Morning makes its’ presence known without hurry.  The nature of fog is slow and it has no shame about that.  Fog mutes the color of the days’ first hours or the day altogether, like a silver shadow. Like its’ cousin, rain, fog begs for our attention-and with dependable success, we notice.

Once in my life, I saw fog roll in.  It is not the same as when fog seems to fall.  It came across the field on the north of the rabbit patch and moved like an ocean wave. It is odd for me to describe fog as having a “force”-but on that day it seemed to, and I have yet to forget it.

When we were young, my cousins and I played hide and seek in the fog. The usual chores on the farm were delayed on the foggiest mornings, so we loved fog.  By breakfast, one of us had already gotten hurt or somebody was mad about something. Still, playing hide and seek in the fog remains something I like to remember.

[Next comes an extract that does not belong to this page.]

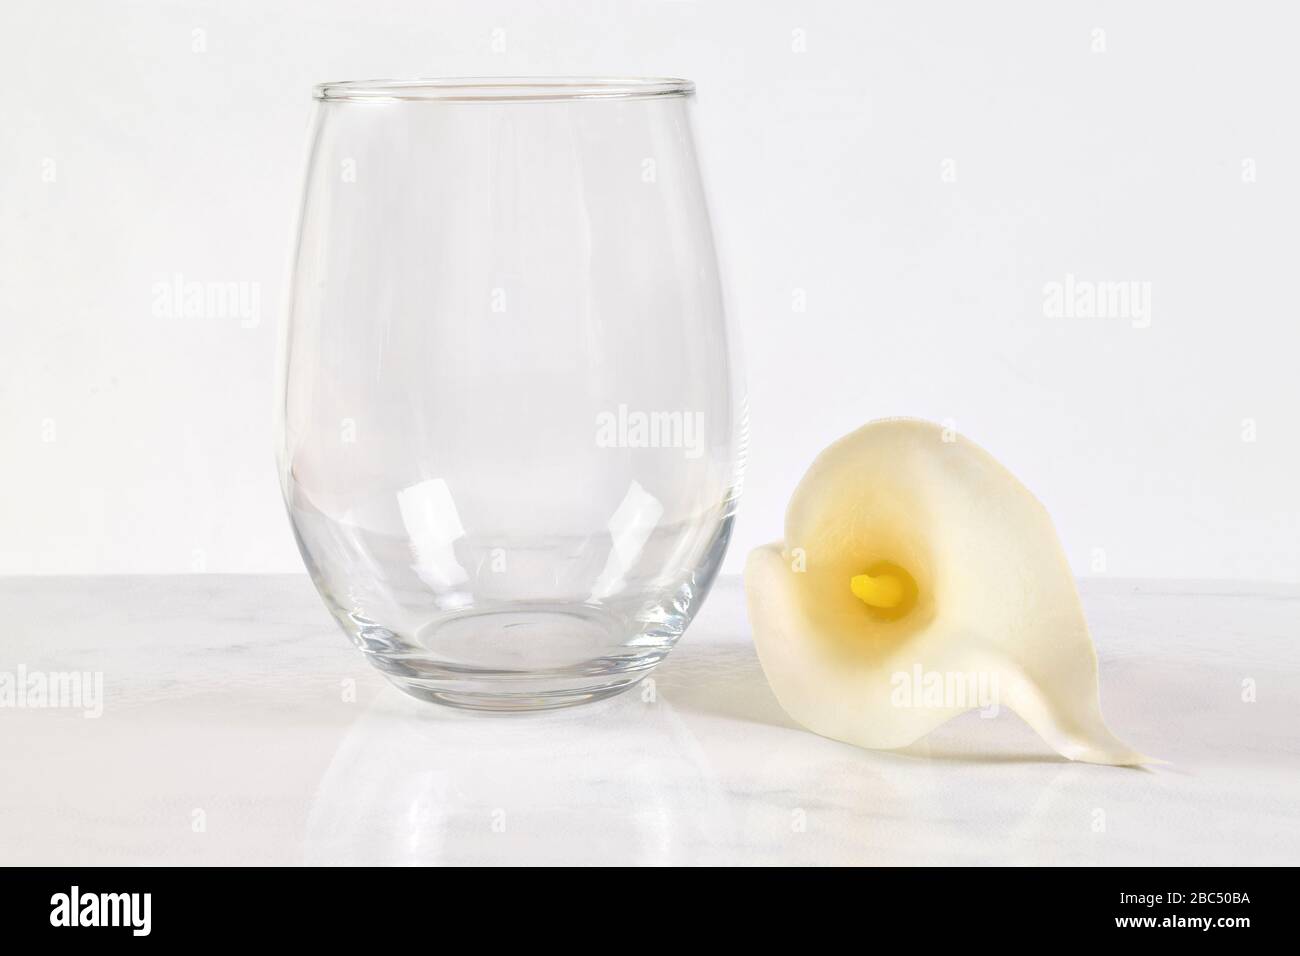 Dieser von Ostern inspirierte Mock up verfügt über einen stemmlosen Winzpass neben einer hübschen weißen Calla-Lilie. Stockfoto

I am in the habit of going out after dark to see what the night looks like. This week, the moon and the stars shone through the fog . The silver of the fog made the stars look like little, scattered pearls .  It made me want to gather them, but I was sure it would offend the moon.

 Fireflies are back and I have seen them.  When I grew up, we called them “lightening bugs”. Either name is a good one for those little bugs with flashing lights.  The fireflies love pine trees and when they conjugate in  one, then the pine looks like a Christmas tree, even in May.

Children take great pleasure in catching fireflies in mason jars. I gave that habit up early in the game.  I caught them as a child, regularly in the spring. I was never able to collect many.  I was too careful not to harm one, and it made me slow.  We always let them go before we went in-but one time, I decided that a mason jar full of “lightening bugs” would make a great night light.  I fell asleep and woke, only to find to every little one of them had perished.  I felt just awful.  I was ashamed and I felt selfish, all at once.  I never caught another one.  I have been content for many years since to watch their shine from a distance. The world does not need one less firefly.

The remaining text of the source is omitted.